3. Average Latency Lies: Bimodal Distribution and Outliers

Never evaluate disk response times (latency) using only the “average.” Averages excel at hiding “lethal outliers”—the true culprits of performance degradation.

  • The Reality of Bimodal Distribution: Disk responses are a mix of lightning-fast hits (under 100μs) from on-disk caches and painfully slow misses (several milliseconds) that must access the physical media. Mashing these together into an “average” is a distortion of reality.
  • Visualize with biolatency: Stop looking at averages; look at the distribution. Using the BCC tool biolatency, you can histogram disk I/O latency to instantly see bimodal distributions or hidden outliers. The shape of the graph tells the story that an average can’t.
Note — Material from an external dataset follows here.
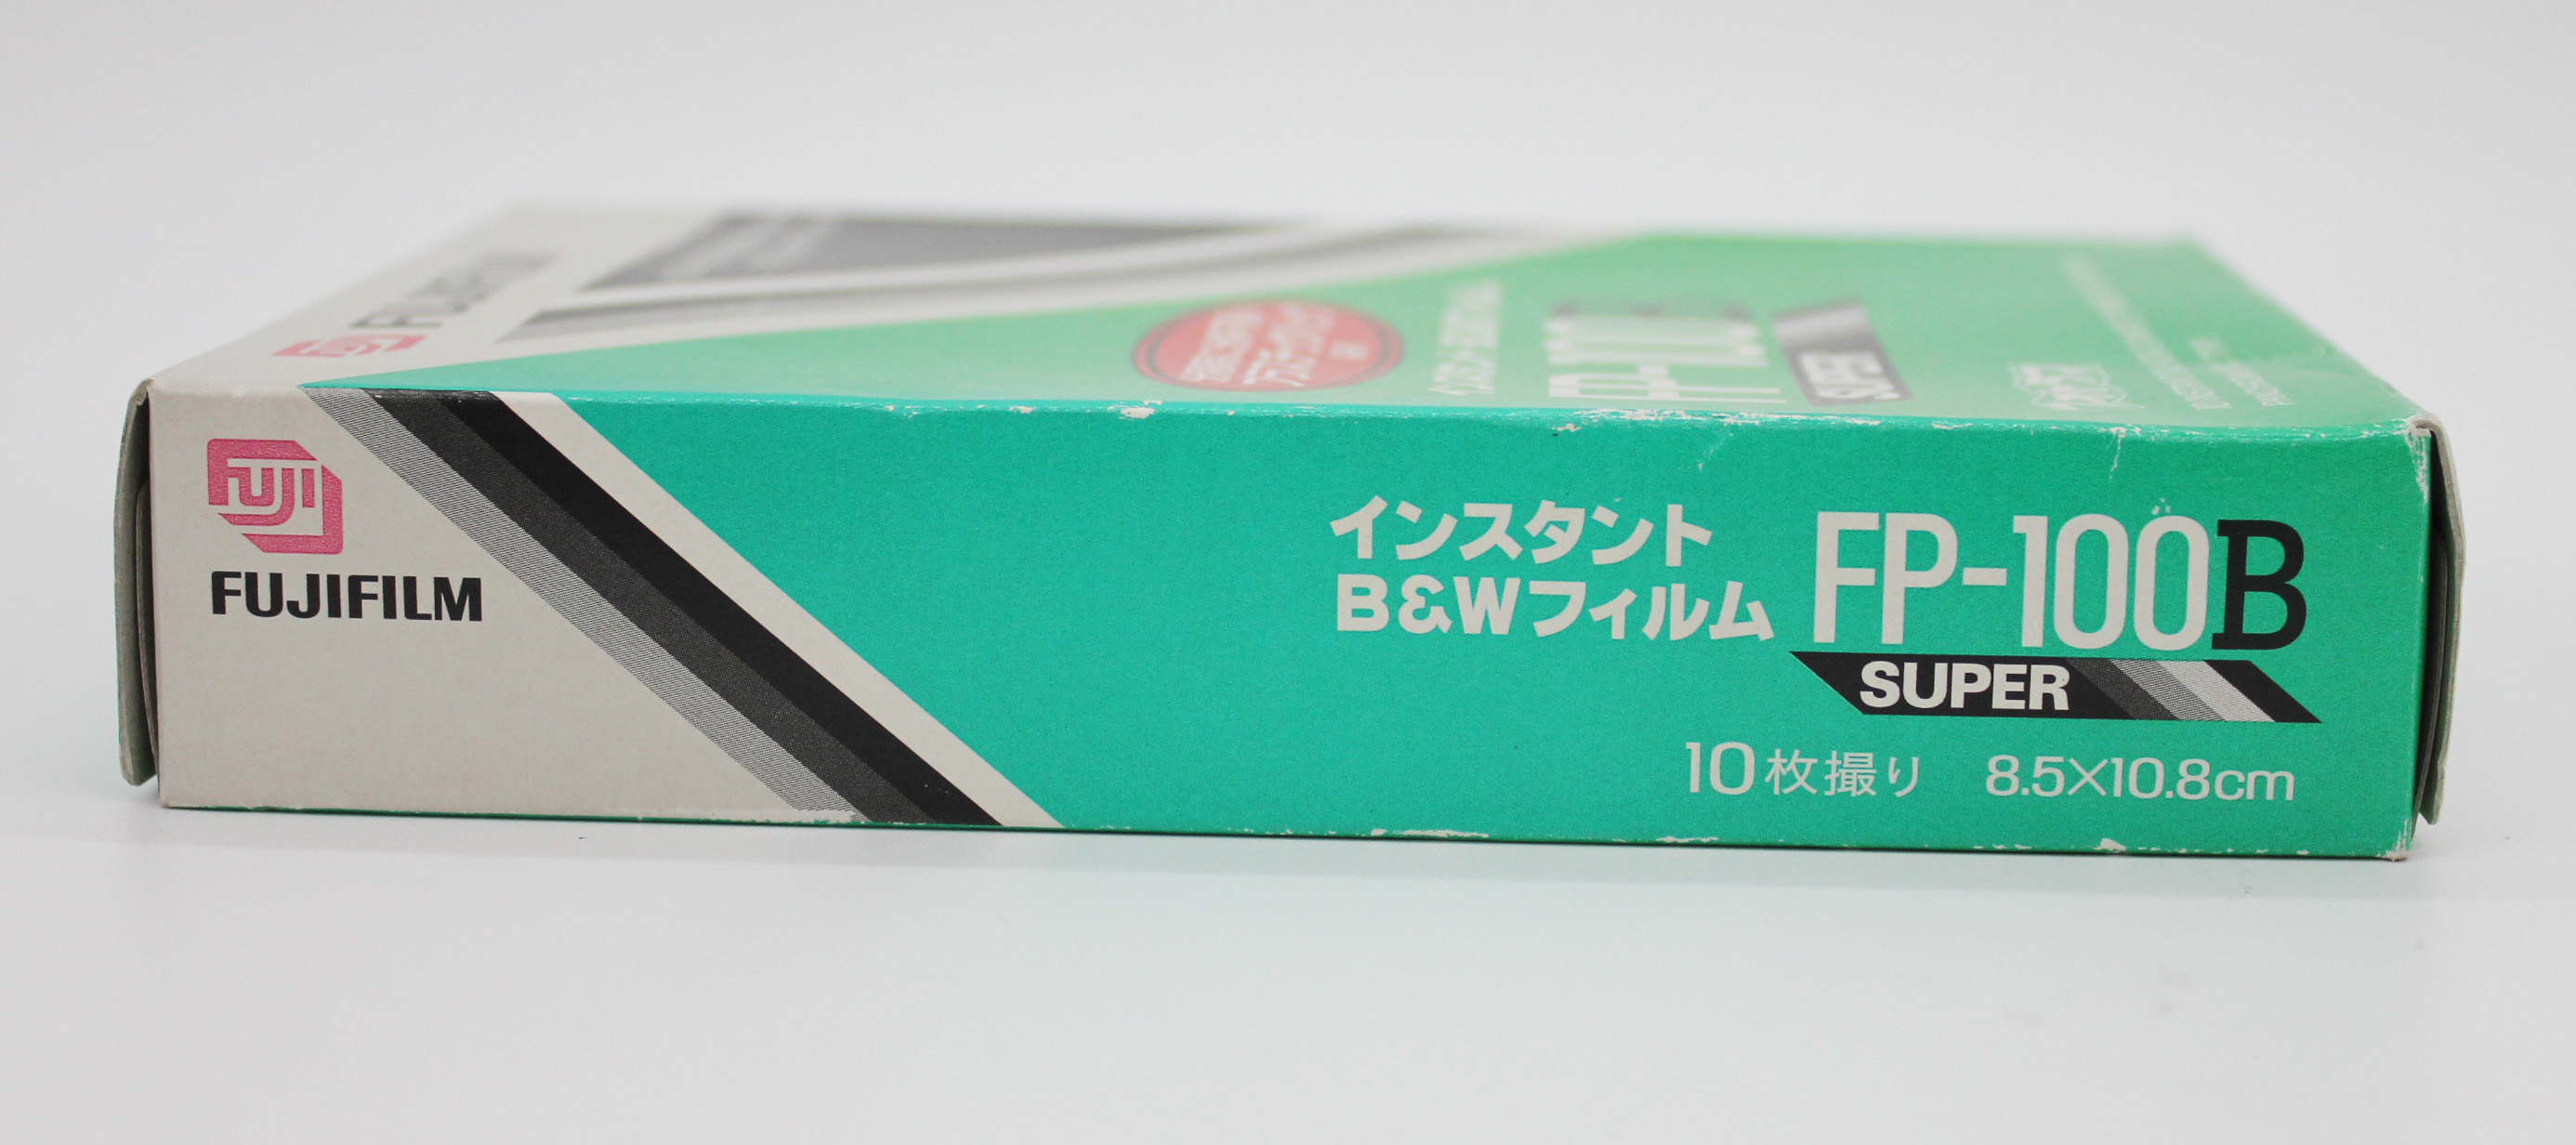  Fujifilm FP-100B Instant Black & White Film (Expired 09/2004) from Japan Photo 3

4. Hunting Mysterious I/O with biostacks

When you encounter the eerie phenomenon where disk I/O is high but your application is supposedly doing nothing, traditional tools will leave you guessing.

  • “Whodunit” with biostacks: This is a god-tier tool that displays not just the process name but the full kernel stack trace that initialized the I/O. One command can reveal that the I/O was actually triggered by metadata checks, file permission lookups, or background file system tasks—completely unrelated to your app’s core logic.
  • Granular Tracking with biosnoop: Instead of looking at average latency, biosnoop tracks individual I/O requests. It’s the perfect tool for pinpointing exactly which request is taking too long. Sometimes you just have to follow the trail one step at a time.

Conclusion

Reading this chapter drives home the point that a disk device is not just a container for data—it’s an “independent computer” with its own queues, caches, and microprocessors (controllers).